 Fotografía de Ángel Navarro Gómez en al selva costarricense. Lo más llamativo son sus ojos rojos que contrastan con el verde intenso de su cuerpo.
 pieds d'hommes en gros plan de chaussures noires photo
• • • •
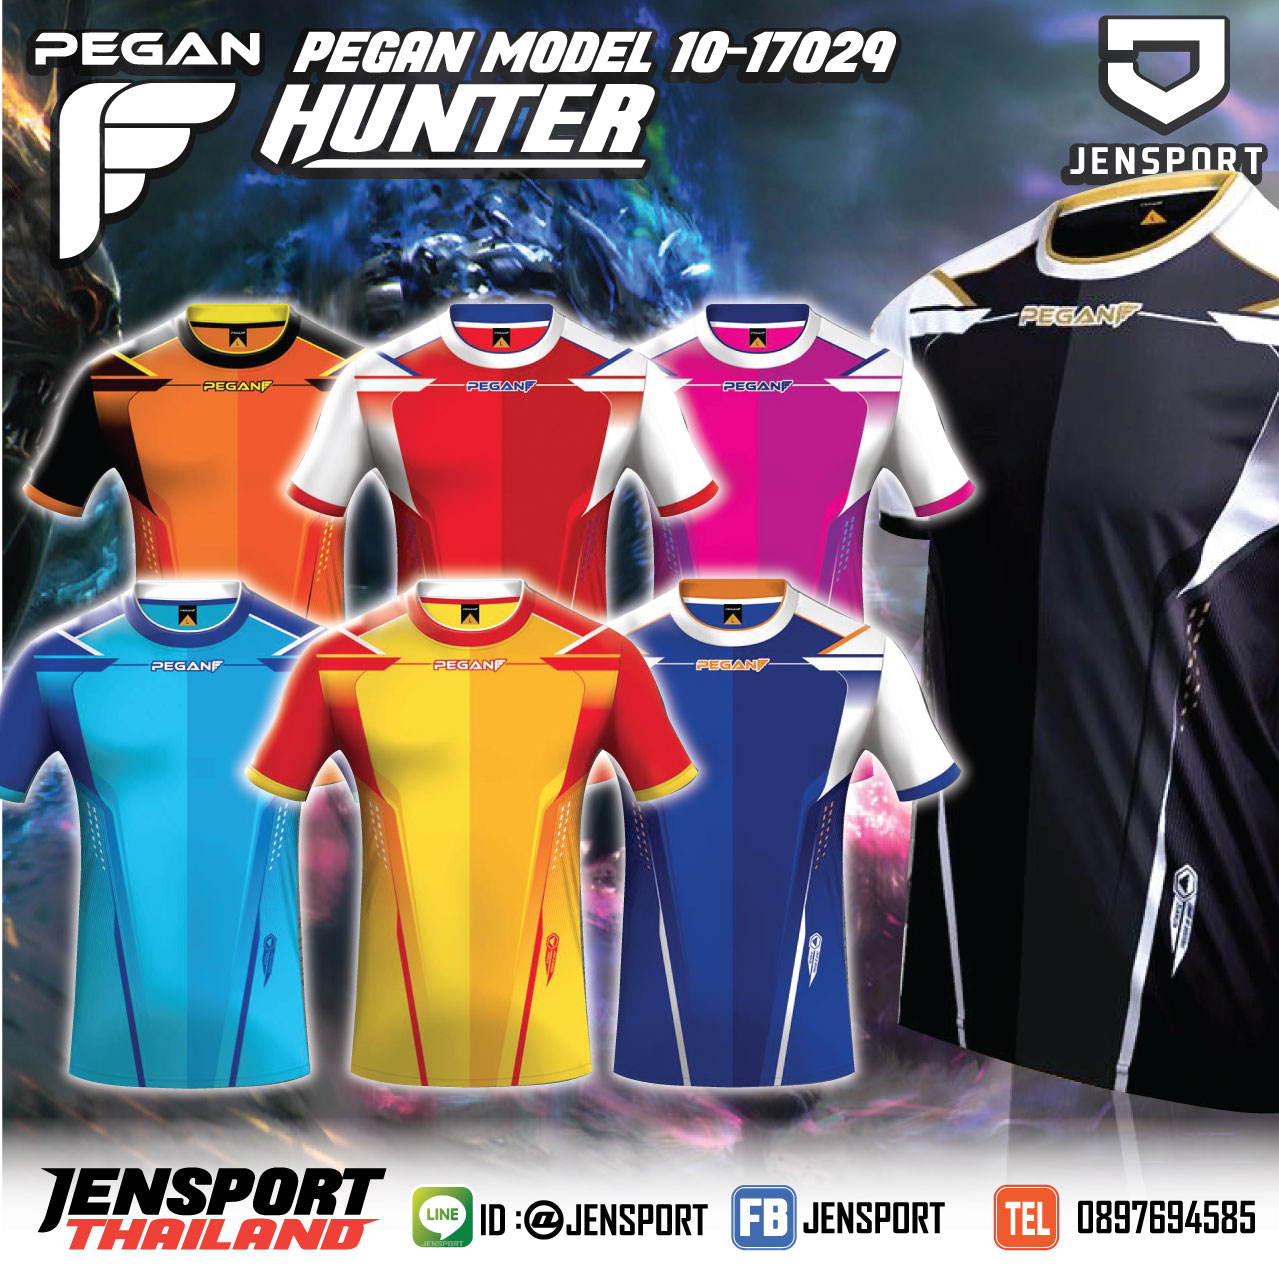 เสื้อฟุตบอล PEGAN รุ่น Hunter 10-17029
• • • •
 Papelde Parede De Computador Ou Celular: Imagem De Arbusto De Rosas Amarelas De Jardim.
• • • •
* Your assignment:
Starting at the line that contains "Fotografía de Ángel" and stopping after the line that contains "pieds d'hommes en", write out every line exactly as it appears above, and no other line.

* Answer section:
 Fotografía de Ángel Navarro Gómez en al selva costarricense. Lo más llamativo son sus ojos rojos que contrastan con el verde intenso de su cuerpo.
 pieds d'hommes en gros plan de chaussures noires photo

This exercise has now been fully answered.